I’m becoming increasingly enamoured with the list-columns in data frames. The following example combines purrr and dplyr to generate 100 random test-training splits in order to compute an unbiased estimate of prediction quality.
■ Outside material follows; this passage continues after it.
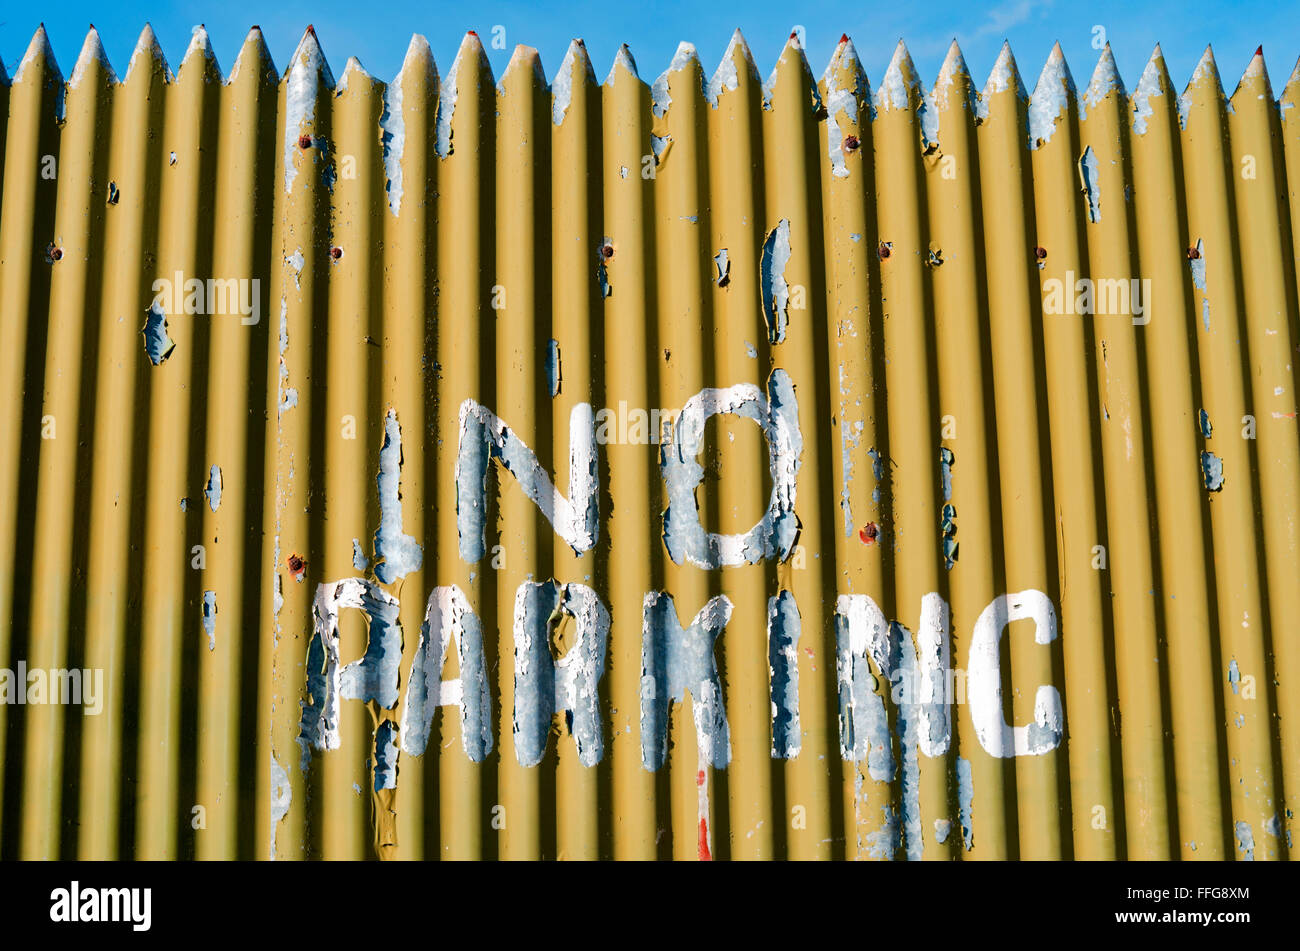 Un livre blanc 'No Parking sign' est peint sur une clôture de fer ondulé jaune. Banque D'Images

These tools are still experimental (and currently need quite a bit of extra scaffolding), but I think the basic approach is really appealing.

library(dplyr)
random_group <- function(n, probs) {
  probs <- probs / sum(probs)
  g <- findInterval(seq(0, 1, length = n), c(0, cumsum(probs)),
    rightmost.closed = TRUE)
  names(probs)[sample(g)]
}
partition <- function(df, n, probs) {
  n %>%
    replicate(split(df, random_group(nrow(df), probs)), FALSE) %>%
    zip_n() %>%
    as_data_frame()
}

msd <- function(x, y) sqrt(mean((x - y) ^ 2))
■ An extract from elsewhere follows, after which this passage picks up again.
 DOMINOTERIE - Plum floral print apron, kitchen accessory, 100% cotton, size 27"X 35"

# Genearte 100 random test-training splits,
cv <- mtcars %>%
  partition(100, c(training = 0.8, test = 0.2)) %>%
  mutate(
    # Fit the model
    model = map(training, ~ lm(mpg ~ wt, data = .)),
    # Make predictions on test data
    pred = map2(model, test, predict),
    # Calculate mean squared difference
    diff = map2(pred, test %>% map("mpg"), msd) %>% flatten()
  )
cv
#> Source: local data frame [100 x 5]
#>
#>                   test             training   model     pred  diff
#>                 (list)               (list)  (list)   (list) (dbl)
#> 1  <data.frame [7,11]> <data.frame [25,11]> <S3:lm> <dbl[7]>  3.70
#> 2  <data.frame [7,11]> <data.frame [25,11]> <S3:lm> <dbl[7]>  2.03
#> 3  <data.frame [7,11]> <data.frame [25,11]> <S3:lm> <dbl[7]>  2.29
#> 4  <data.frame [7,11]> <data.frame [25,11]> <S3:lm> <dbl[7]>  4.88
#> 5  <data.frame [7,11]> <data.frame [25,11]> <S3:lm> <dbl[7]>  3.20
#> 6  <data.frame [7,11]> <data.frame [25,11]> <S3:lm> <dbl[7]>  4.68
#> 7  <data.frame [7,11]> <data.frame [25,11]> <S3:lm> <dbl[7]>  3.39
#> 8  <data.frame [7,11]> <data.frame [25,11]> <S3:lm> <dbl[7]>  3.82
#> 9  <data.frame [7,11]> <data.frame [25,11]> <S3:lm> <dbl[7]>  2.56
#> 10 <data.frame [7,11]> <data.frame [25,11]> <S3:lm> <dbl[7]>  3.40
#> ..                 ...                  ...     ...      ...   ...
mean(cv$diff)
#> [1] 3.22

Other functions

There are too many other pieces of purrr to describe in detail here. A few of the most useful functions are noted below:

x <- list(list(a = 1, b = 2), list(a = 2, b = 1))
x %>% str()
#> List of 2
#>  $ :List of 2
#>   ..$ a: num 1
#>   ..$ b: num 2
#>  $ :List of 2
#>   ..$ a: num 2
#>   ..$ b: num 1

x %>%
  zip_n() %>%
  str()
#> List of 2
#>  $ a:List of 2
#>   ..$ : num 1
#>   ..$ : num 2
#>  $ b:List of 2
#>   ..$ : num 2
#>   ..$ : num 1

x %>%
  zip_n(.simplify = TRUE) %>%
  str()
#> List of 2
#>  $ a: num [1:2] 1 2
#>  $ b: num [1:2] 2 1
1:10 %>% keep(~. %% 2 == 0)
#> [1]  2  4  6  8 10
1:10 %>% discard(~. %% 2 == 0)
#> [1] 1 3 5 7 9

list(list(x = TRUE, y = 10), list(x = FALSE, y = 20)) %>%
  keep("x") %>%
  str()
#> List of 1
#>  $ :List of 2
#>   ..$ x: logi TRUE
#>   ..$ y: num 10

list(NULL, 1:3, NULL, 7) %>%
  compact() %>%
  str()
#> List of 2
#>  $ : int [1:3] 1 2 3
#>  $ : num 7

Design philosophy

The goal of purrr is not try and turn R into Haskell in R: it does not implement currying, or destructuring binds, or pattern matching. The goal is to give you similar expressiveness to a classical FP language, while allowing you to write code that looks and feels like R.